Well it's certainly not what I call clover!

31 Oct, 2010

 

sounds miraculous!
that leaf looks like oxalis to me but is that the same family as clover?
can you get 4-leafed oxalis for luck??

31 Oct, 2010

 

To be honest, I have no idea what it is.. My wife calls it a "clover"..
It was a very old plant that my wife had growing long before we met and I "took it under my wing", gave it the very best growing environment possible and the little guy is thriving like crazy in his new organic "home".. :-)

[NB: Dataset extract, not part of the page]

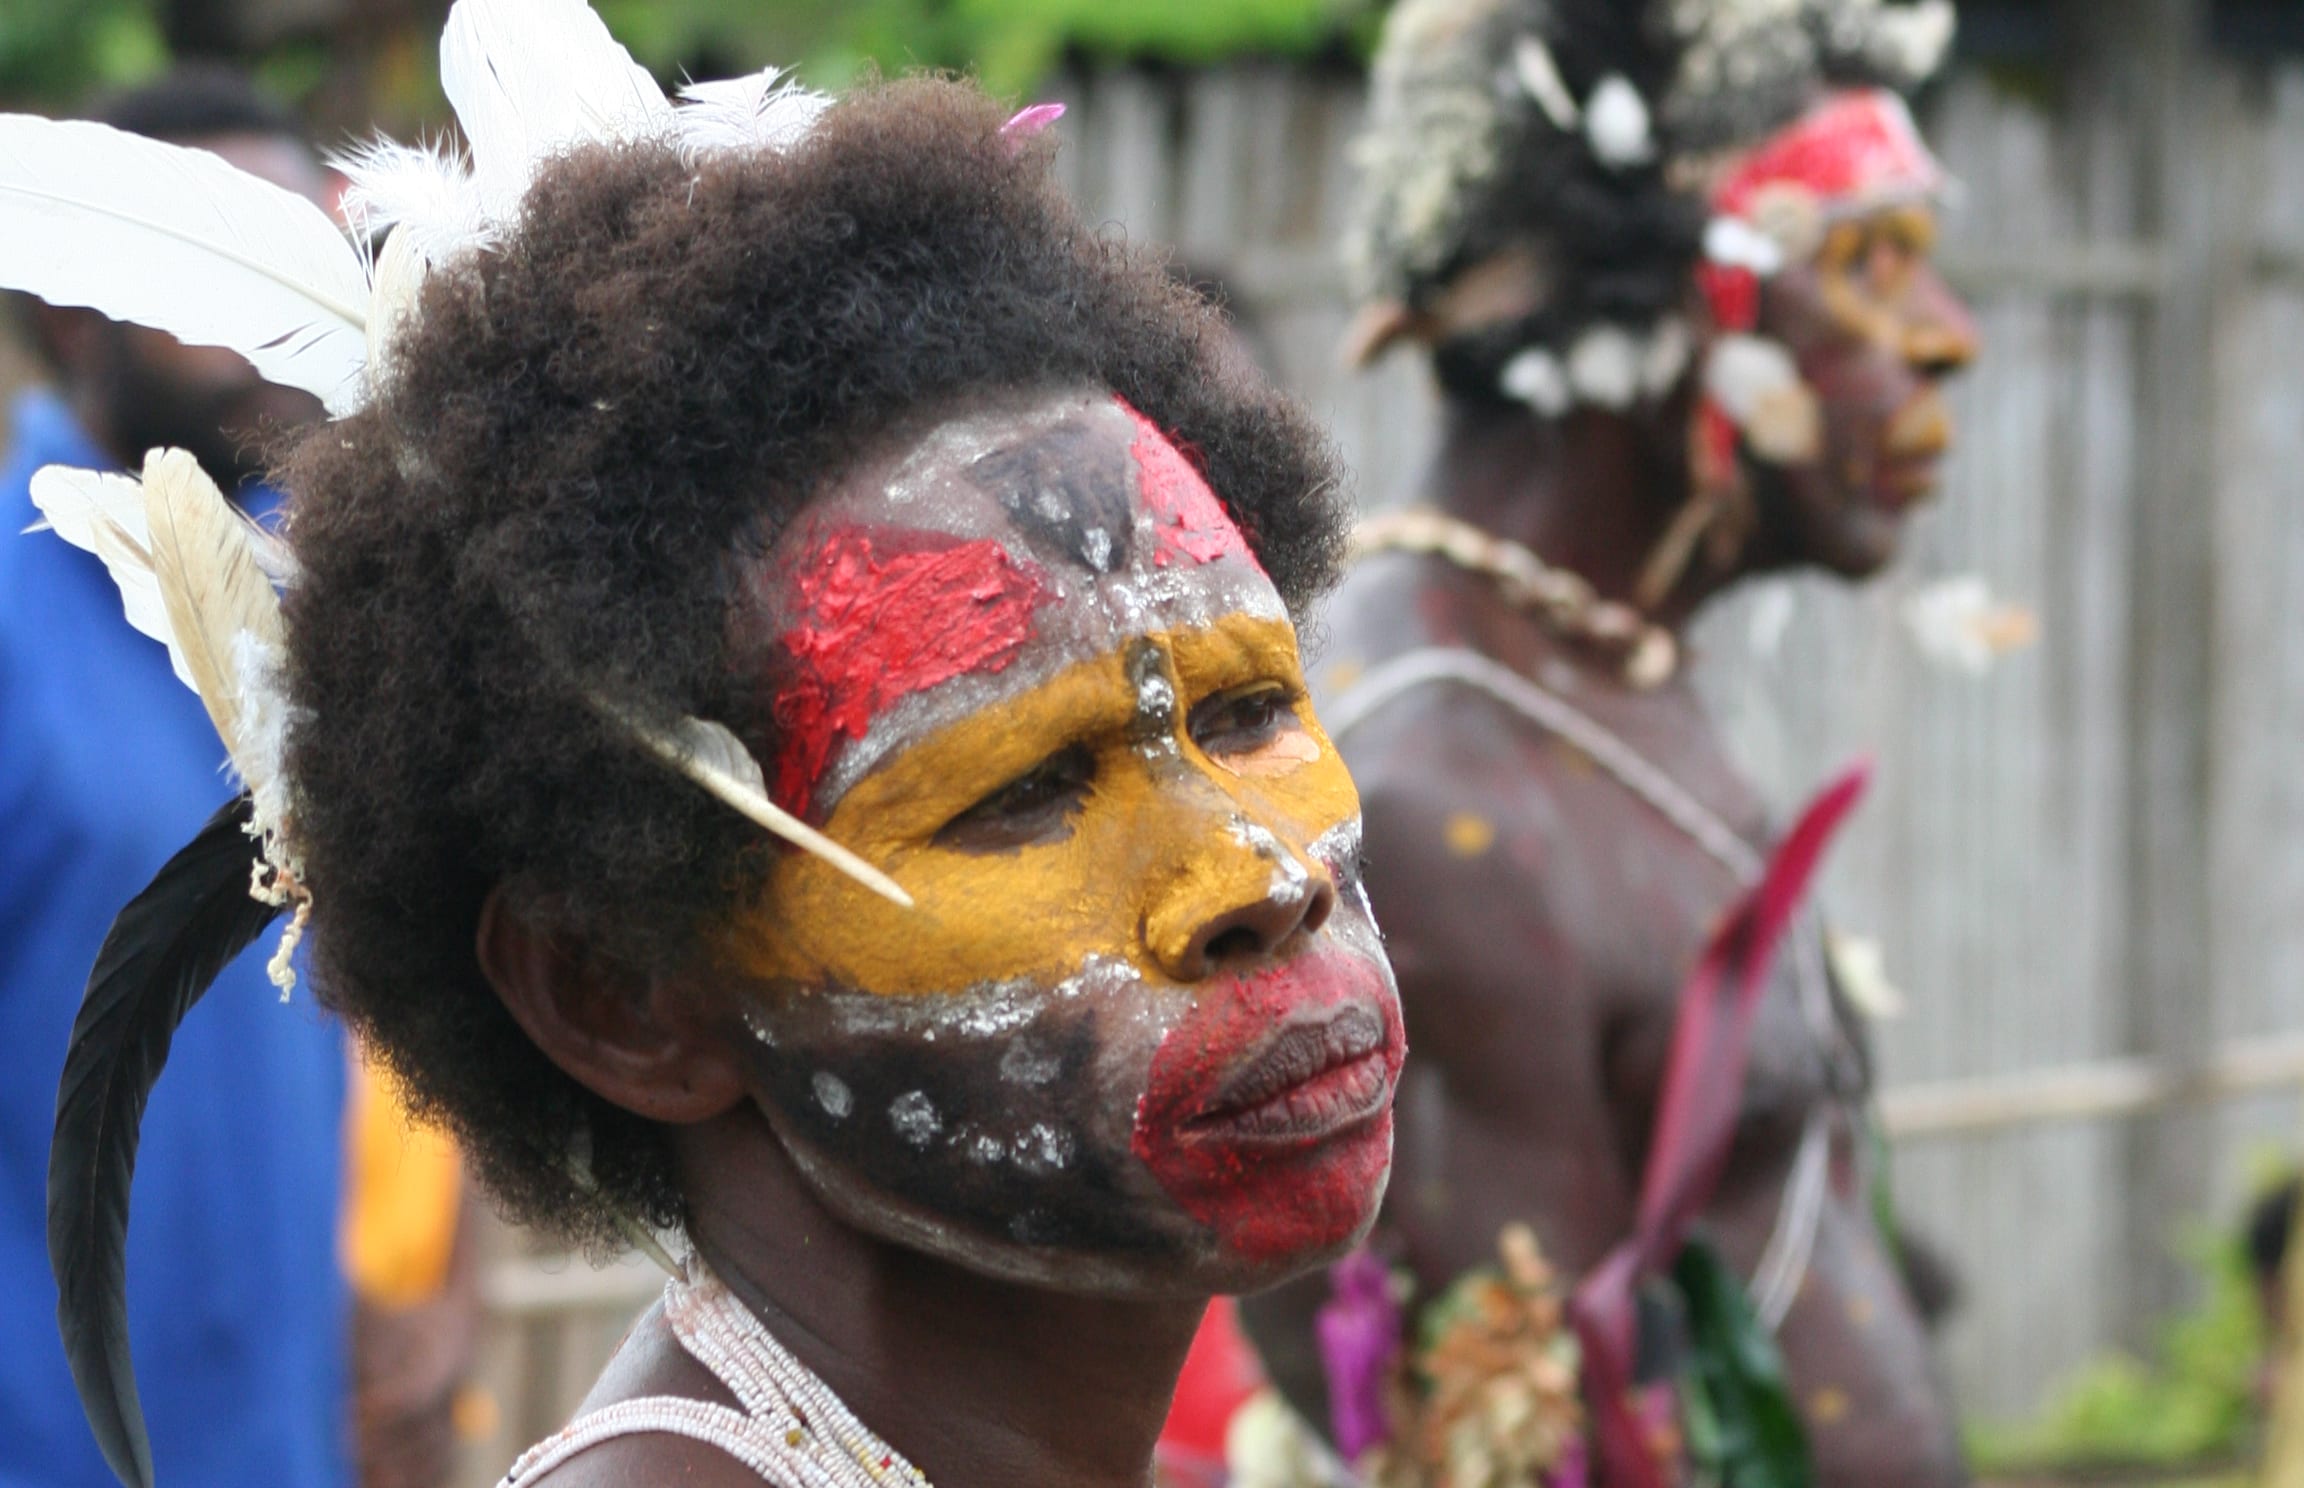 Woman at election rally, East Sepik, PNG.

I have never seen a plant respond to a simple "up-potting" like this one has. The poor little guy's root system had been restricted in that hard clay soil over the years and he's ONE happy camper, wanting to "show off" in his new home! {chuckle}

Pretty cool..

31 Oct, 2010

 

It's the old green form of Oxalis triangularis...and the oldest one I've ever heard of! From the looks of the leaves, it's suffering from an excess of salts in the soil, so I would flush it out with a couple of liters of purified water, and empty the saucer after watering, hereafter.

1 Nov, 2010

 

Tugbrethil, the slight browning of the leaves is a combination of slight transplant shock plus some nighttime
temperatures in the 40's this week. This little guy has been a houseplant for all of those years and is currently outdoors on the porch where it receives bright indirect sunlight.
It now resides indoors in my office window for the winter.
I went to the trouble of having its' potting soil tested here:
http://www.texasplantandsoillab.com/ because I wanted to be so very careful with it because of its' age. The organic potting soil was PH neutral with no traces of detrimental trace elements and had a near-perfect biological balance.
;-)

2 Nov, 2010

 

Whoops! Sorry, I'm probably projecting my own horticultural problems on you! Ours are just recovering from the summer, so I didn't even think about chill damage. I also should have been paying closer attention to your original post, where you said that it was just repotted a week previously--amazing the growth and bloom since then. Lucky plant in that type of soil! Mine reside in Black Gold Cactus Mix, which is a pretty good mix, but I doubt the company takes that kind of precautions.